Many of the places mentioned in the novel, such as the eponymous Blackbird Pond, which has since been renamed Wethersfield Cove, and the Congregational Church, are actual places in Wethersfield.
The following passage showcases Speare's prose and details the unique experience of autumn in New England, the season for which the region is best known:
The maple tree in front of the doorstep burned like a gigantic red torch. The oaks along the roadway glowed yellow and bronze. The fields stretched like a carpet of jewels, emerald and topaz and garnet. Everywhere she walked the color shouted and sang around her. The dried brown leaves crackled beneath her feet and gave off a delicious smoky fragrance. No one had ever told her about autumn in New England. The excitement of it beat in her blood. Every morning she woke with a new confidence and buoyancy she could not explain. In October any wonderful unexpected thing might be possible.

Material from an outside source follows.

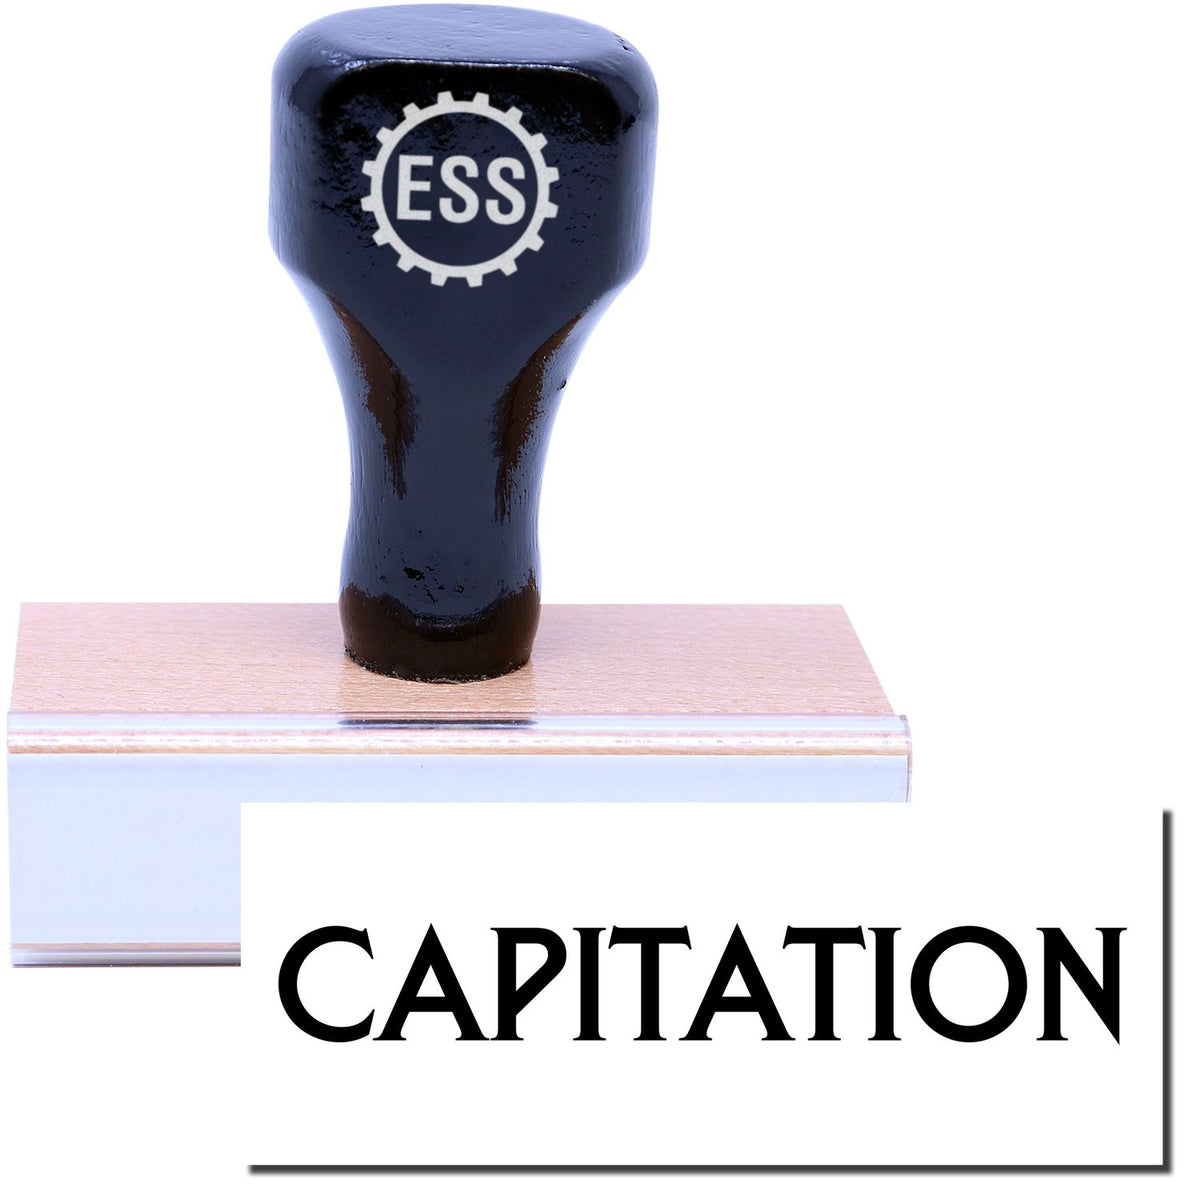 A stock office medical rubber stamp with a stamped image showing how the text &quot;CAPITATION&quot; is displayed after stamping.
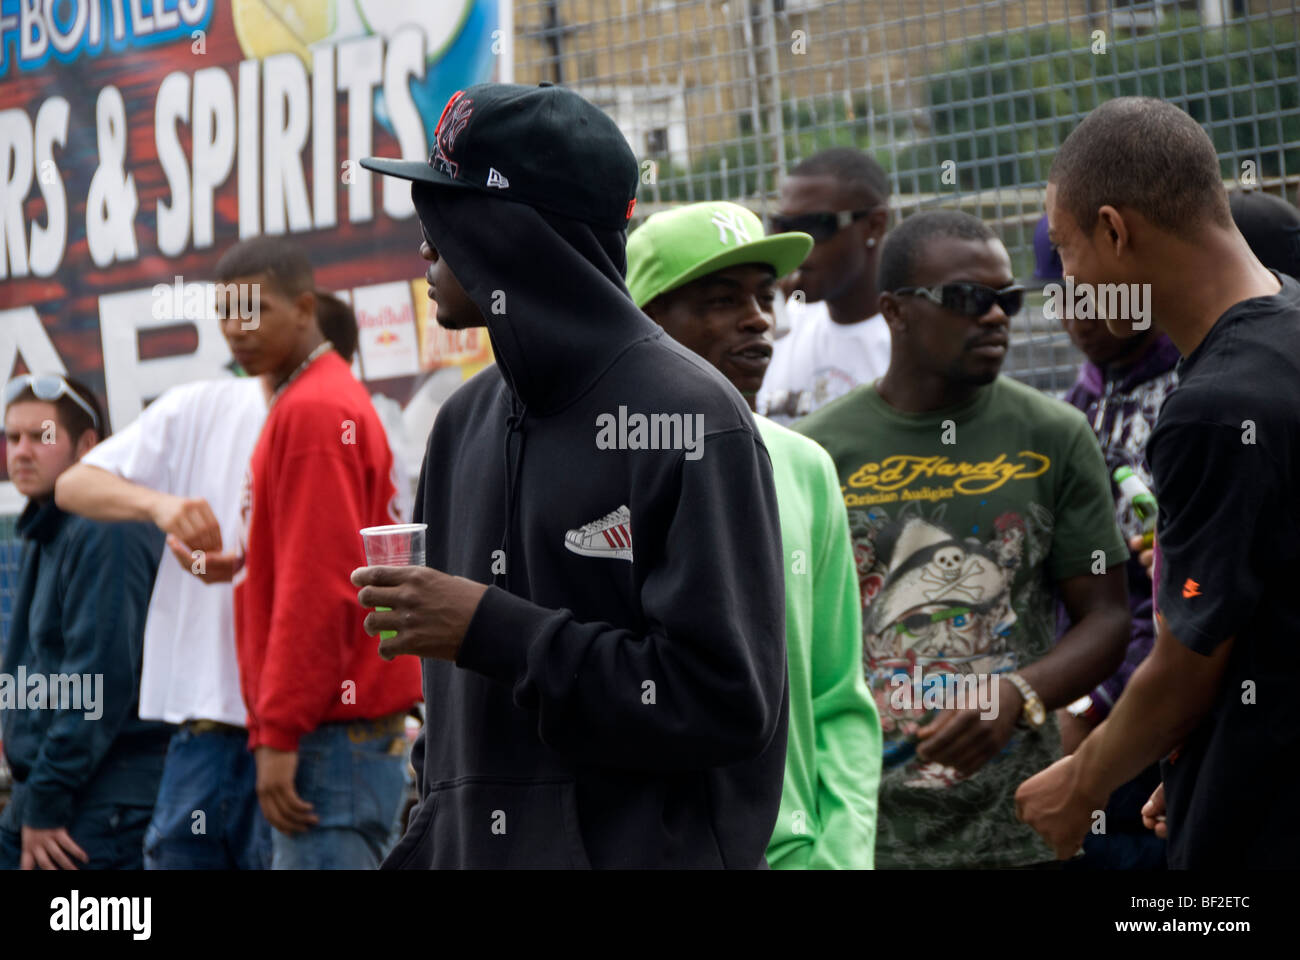 Young men hanging about during Notting Hill Carnival Stock Photo

Revolutionary Road by Richard Yates
Richard Yates' 1961 novel of a suburban New England marriage, Revolutionary Road, was a finalist for the National Book Award and was adapted into a critically acclaimed film starring Kate Winslet and Leonardo DiCaprio. The novel is considered by many to be his greatest work.
Besides being impeccably written, the novel turns an unflinching eye toward the loneliness that can exist inside a marriage. Yates lived for a time in Connecticut and the following passage details an ideal view of life in New England for a an upper class, educated man in the 1960s as well as providing at atmospheric look at the eastern U.S.:
In the East, he then believed, a man went to college not for vocational training but in disciplined search for wisdom and beauty, and nobody over the age of twelve believed that those words were for sissies. In the East, wearing rumpled tweeds and flannels, he could have strolled for hours among ancient elms and clock towers, talking with his friends, and his friends would have been the cream of their generation. The girls of the East were marvelously slim and graceful; they moved with the authority of places like Bennington and Holyoke; they spoke intelligently in low, subtle voices, and they never giggled. On sharp winter evenings you could meet them for cocktails at the Biltmore and take them to the theater, and afterwards, warmed with brandy, they would come with you for a drive to a snowbound New England inn, where they’d slip happily into bed with you under an eiderdown quilt. In the East, when college was over, you could put off going seriously to work until you’d spent a few years in a book-lined bachelor flat, with intervals of European travel, and when you found your true vocation at last it was through a process of informed and unhurried selection; just as when you married at last it was to solemnize the last and best of your many long, sophisticated affairs.